El otro me miró y luego apartó los ojos. Mi amigo del bar dijo con rapidez:
—Nuestros nombres no deben importarle.
—¿No? Antes de morir, mi querido padre me hizo tres recomendaciones: primero, que nunca mezclara el whisky con nada, excepto con agua; segundo, que ignorara las cartas anónimas, y por último, que no entrara en tratos con ningún desconocido que rehusara dar su nombre.
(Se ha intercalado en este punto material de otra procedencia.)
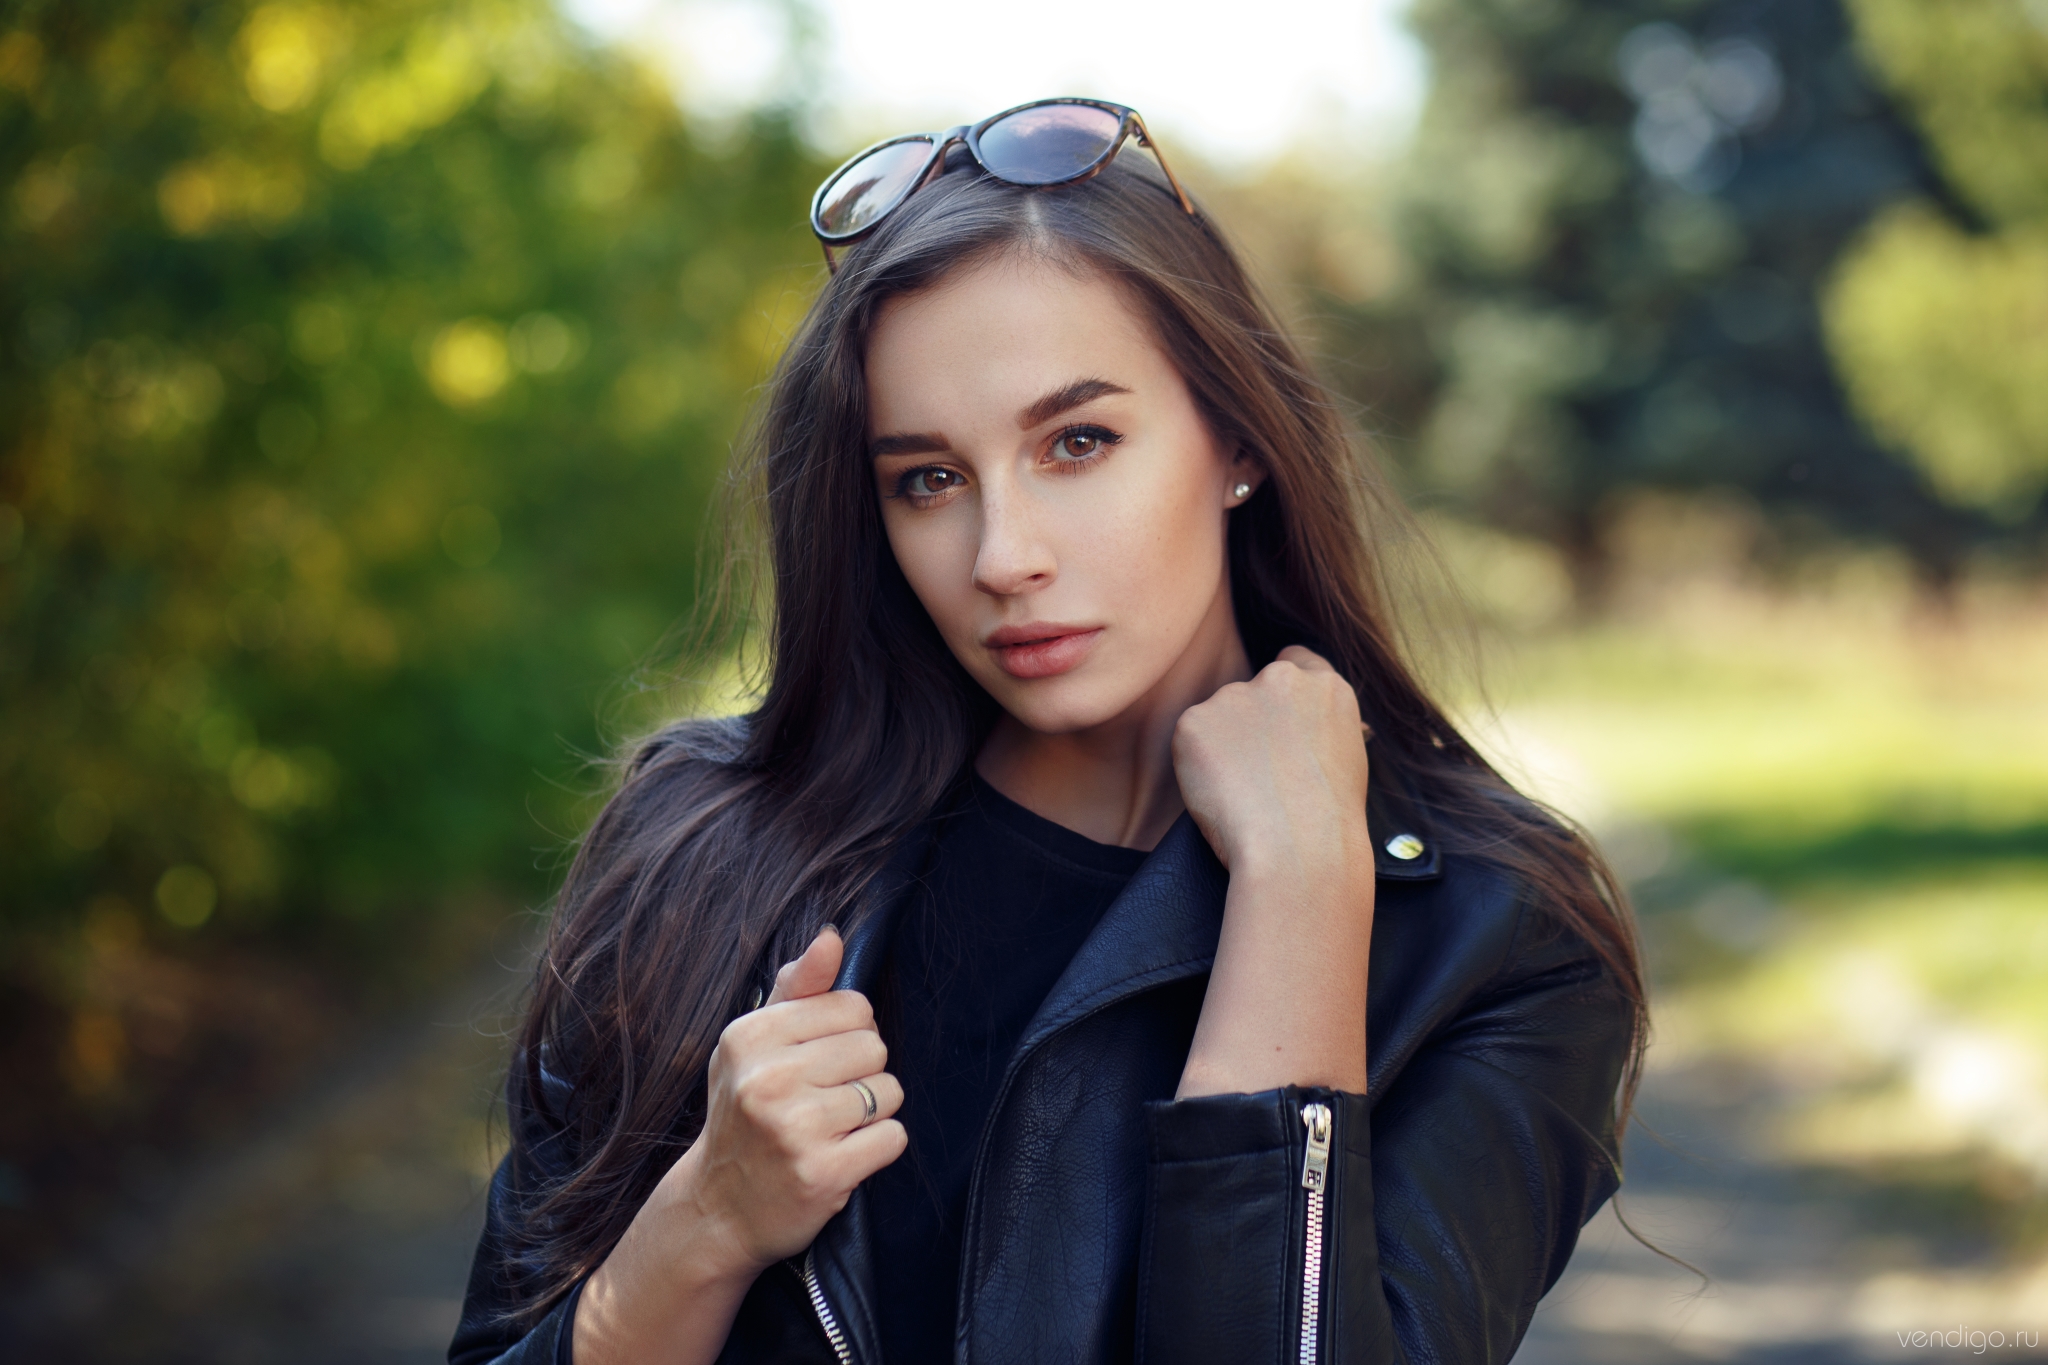 Evgeniy Bulatov Women Model Brunette Long Hair Portrait Outdoors Looking At Viewer Brown Eyes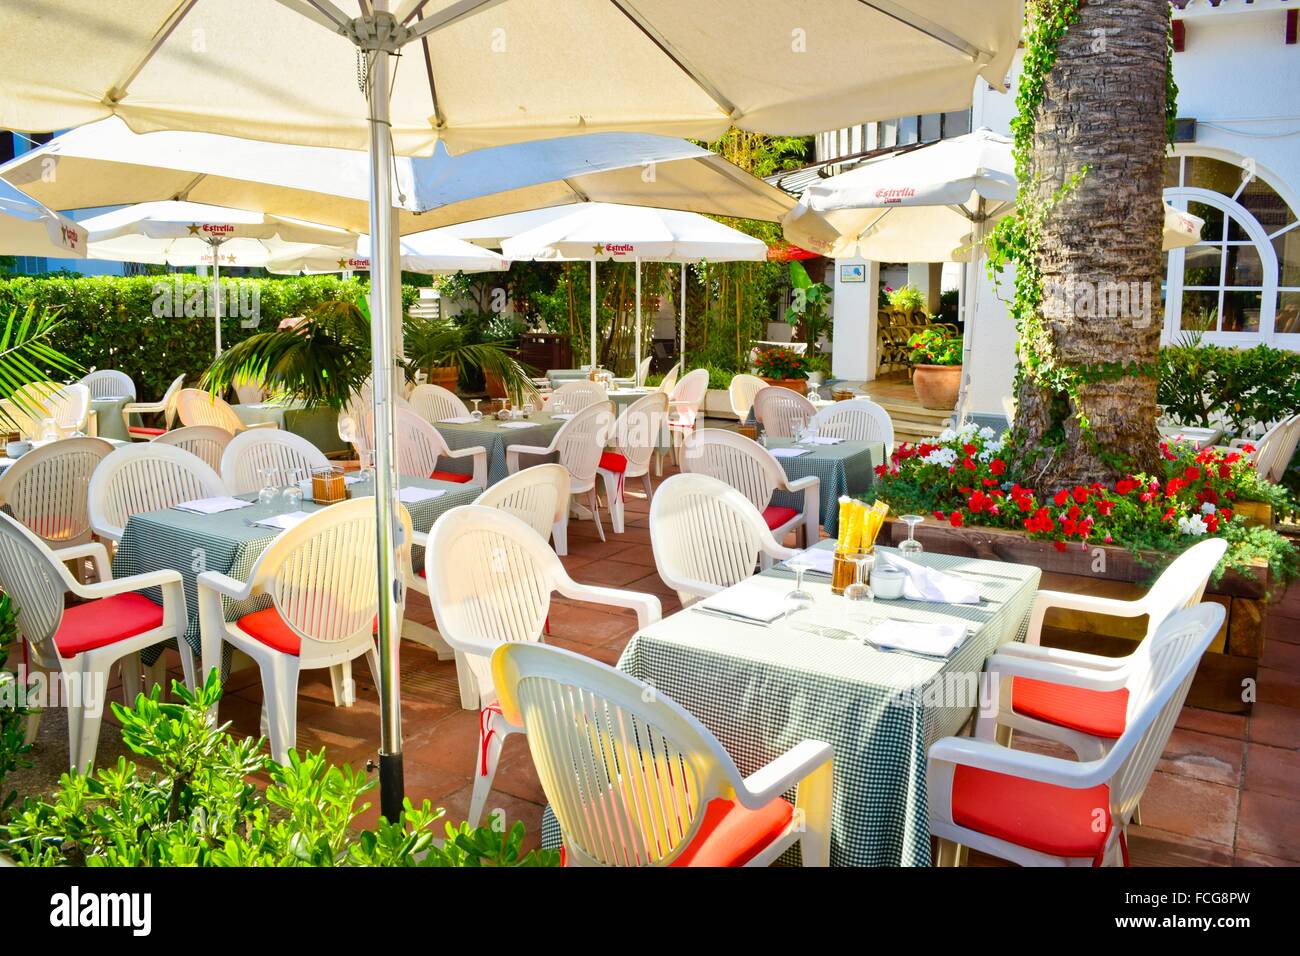 Restaurant im Freien, Tischen, Stühlen und Sonnenschirmen. Castelldefels, Barcelona Provinz, Katalonien, Spanien. Stockfoto

Buenos días, señores.
Me dirigí hacia la puerta, con mis cien imperiales en el bolsillo.
—¡Un momento!—me detuvo mi amigo. Hizo una pausa. Luego continuó—: Tiene razón. Me llamo…
—¡Capitán!
—Cállate, Jock. Yo soy Dak Broadbent; ése que nos mira con rabia es Jacques Dubois. Los dos somos pilotos; pilotos de primera clase, cualquier nave, cualquier aceleración.
Me incliné.
—Lorenzo Smythe —dije con modestia—. Juglar y socio de The Lambs Club.
Recordé que aún debía las cuotas de los dos últimos años.
—Bien. Jock, trata de sonreír para variar. Lorenzo, ¿está de acuerdo en mantener en secreto nuestro asunto?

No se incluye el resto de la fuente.